All this has forced the kingdom to promise to change the targets of their future air strikes and express “great regret” about civilian casualties, saying that US and British military experts will from now on be advising them on the ways to reduce civilian casualties.
But Saudi officials seem to be more concerned with the recent meeting that Russian authorities held with a highly influential adviser to the Iranian supreme spiritual leader Ayatollah Ali Khamenei on international affairs, Ali Akbar Salehi (former Foreign Minister of Islamic Republic of Iran), on Russian and Iranian oil quotas. Those quotas along with other measures could undermine the social and economic position of Saudi Arabia, putting it on the brink of economic and political collapse. Especially in a situation when there’s a rumor that King Salman is about to step down, while bringing to power his son, the sitting Minister of Defense, Mohammad Al Saud. Tribal leaders of the kingdom, who are in control of the situation on the ground, are largely discontented with the money they’ve been losing due to dropping oil prices.
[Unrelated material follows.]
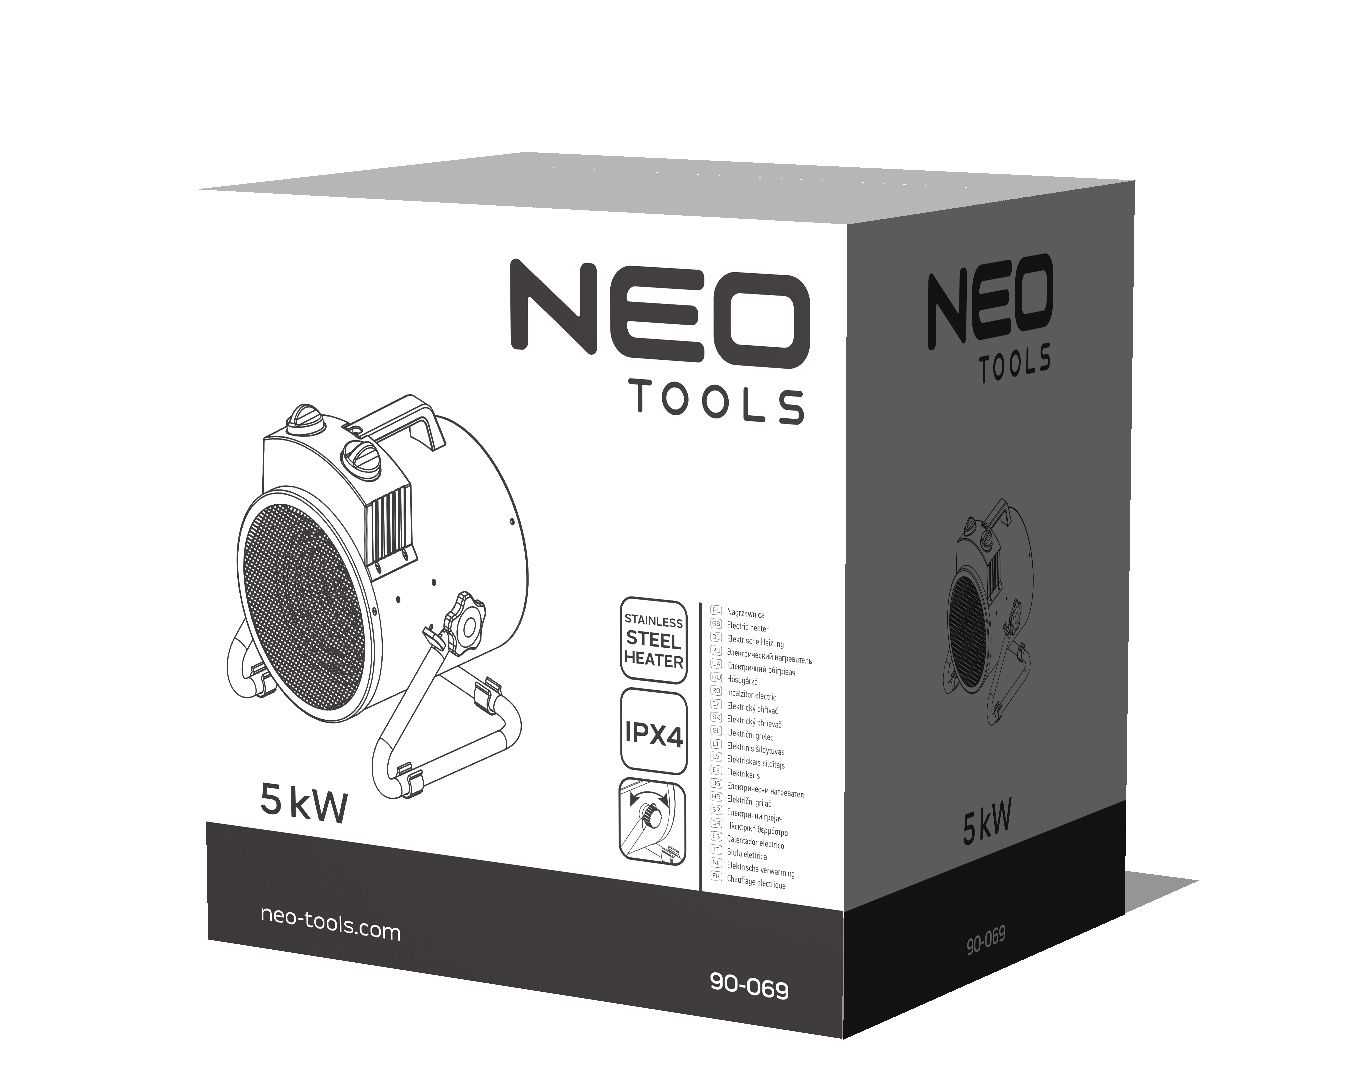 Теплова гармата Neo Tools 90-069 характеристики - фотографія 7

For the Al Saud dynasty, the Russian-Iranian coordination in the oil markets, as well as in Syria, Yemen and Iraq is a bit more than a serious threat. Although it is possible that in this situation Saudi Arabian authorities will work with Washington, prepared to accept any conditions while continuing to drop oil prices even further. The latter notion seems to be put in play already, since February 1, as the rubble starts to fall again along with prices on black gold.
Viktor Titov, Ph.D in History and political commentator on the Middle East, exclusively for the online magazine “New Eastern Outlook”.